George asked "how does a consumer based publication, get a spot at a PRO event?" Michael Fremer is well-known in the NY pro-audio scene; I have been a full member of the Audio Engineering Society since 1981 and a voting member of NARAS (Producers and Engineers Wing) since 1997. George also asked "Who attended the Stereophile workshop, what went on there?" This panel included mastering engineers Bob Ludwig and Greg Calbi, Sony Legacy senior VP Steve Berkowitz, and manufacturer Eveanna Manley. The topics was about why, if conusmrs have embraced HD video, they generally are content with MP3s etc. The room was SRO full - whereas Ethan's session on "Audio Myths" was about 70% full.

Ethan Winer's picture

John, in hindsight I should have said "audiophile magazines" at my workshop. It was unfair of me to single out Stereophile Magazine. Okay, now here are two questions for you: 1) If comb filtering isn't the reason you and others heard a difference after "demagnetizing" an LP, what is your explanation for hearing a difference? Please be very specific! 2) If getting together with you in person is not a valid way to tell if you can really hear the effect of tweaks like demagnetizing vinyl, what is your better suggestion for *proving* the effect is real? Finally, it looked like there were close to 200 people at my talk late Monday afternoon. I can believe there were more people at Mike's. So what? Half the people had already left the show by Monday. Are you suggesting that Scientific Truth is best decided by a popularity contest?

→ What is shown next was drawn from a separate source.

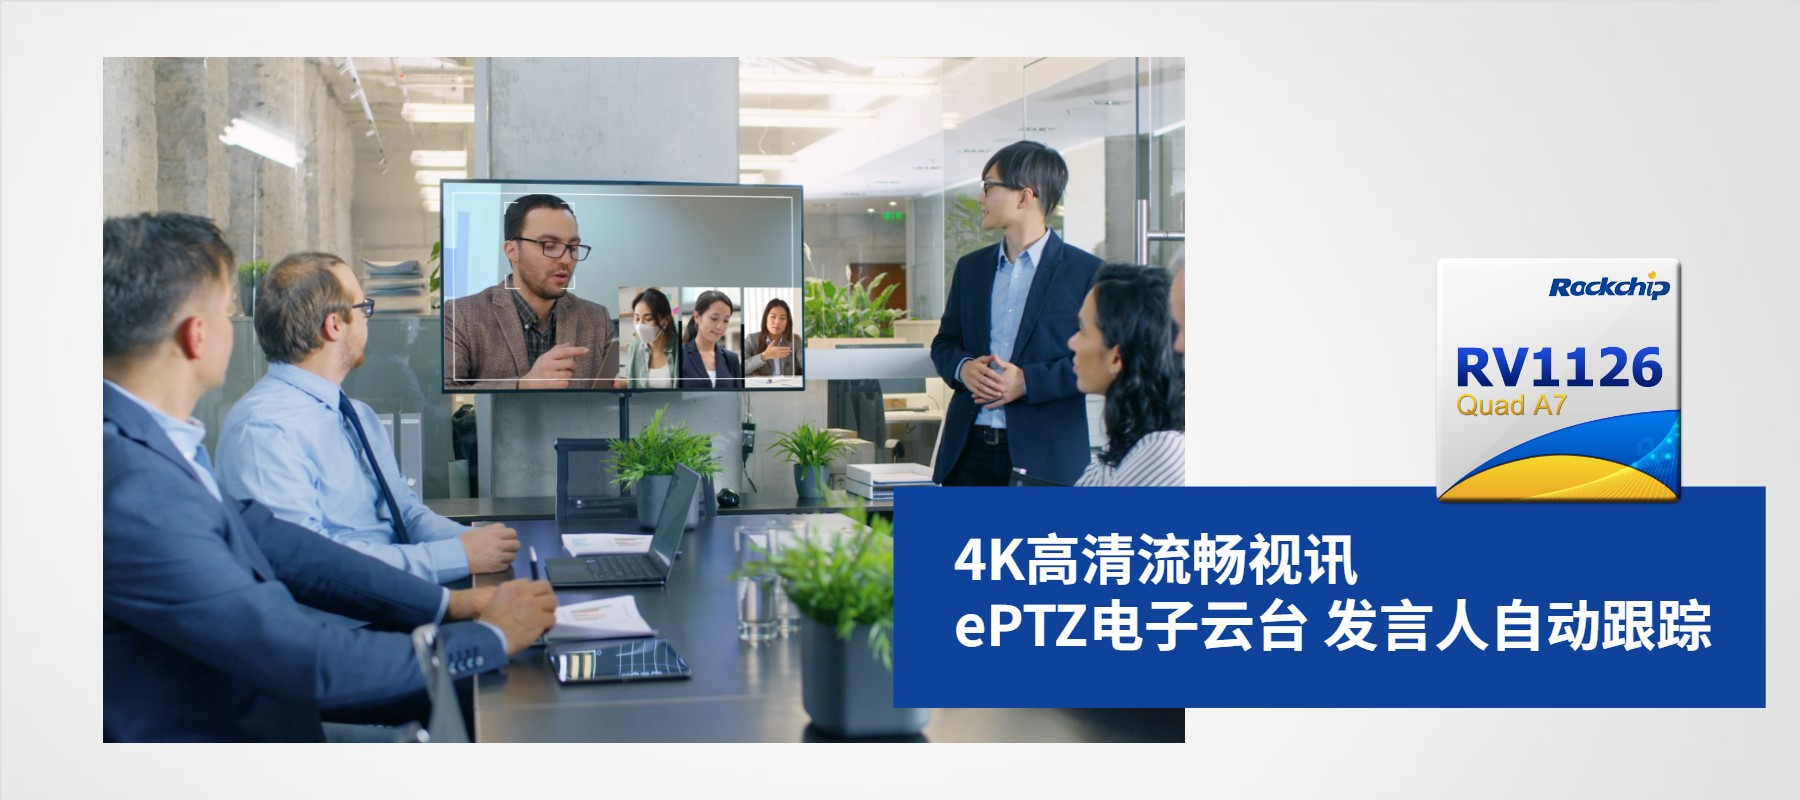 瑞芯微RV1126 4K AI攝像頭方案 助力智慧屏產品升級

Nyquist's evil brother, NyQuil's picture

Ethan, when you say,"you and I both know that will never happen."What evidence are you relying on to make statement? Are you, in fact, just working on anecdote and inductive reasoning? Put another way, aren't you letting your own prejudices get the better of you?You may well be right, all of this comes to nothing. It may just be a lengthy excuse for a 'white paper'. Or, it might be something that itself leads nowhere, but in the process delivers concrete results in a wholly unexpected manner. Or maybe, just maybe, it adds something constructive to audio, which has importance far beyond the companies currently announcing this. You don't seem able to parse this, Ethan. You seem intent on cutting it off at the knees. This is like walking into Pierre and Marie Curie's lab 110 years ago, pointing at the big pile of pitchblende and saying "You call THAT a nuclear power station?"It's good to be skeptical. It's destructive to be cynical. I just wonde

Ethan Winer's picture

"What evidence are you relying on to make statement?" My evidence is many years of posting in the Stereophile forum. :->) I really do wish that John would agree to get together in person to hash this out. Web forums are not a good venue for a technical discussion and meeting of opposite minds, and a blog comments area is even worse. I imagine that John and I agree on much more than we disagree, even if he won't say so in public. Unlike many 'phooles, John is an accomplished recordist, so he knows what matters. But if you think about it, some people have a vested interest in preventing conclusive acceptance of what is audible and what is not. Hence my "never happen" comment.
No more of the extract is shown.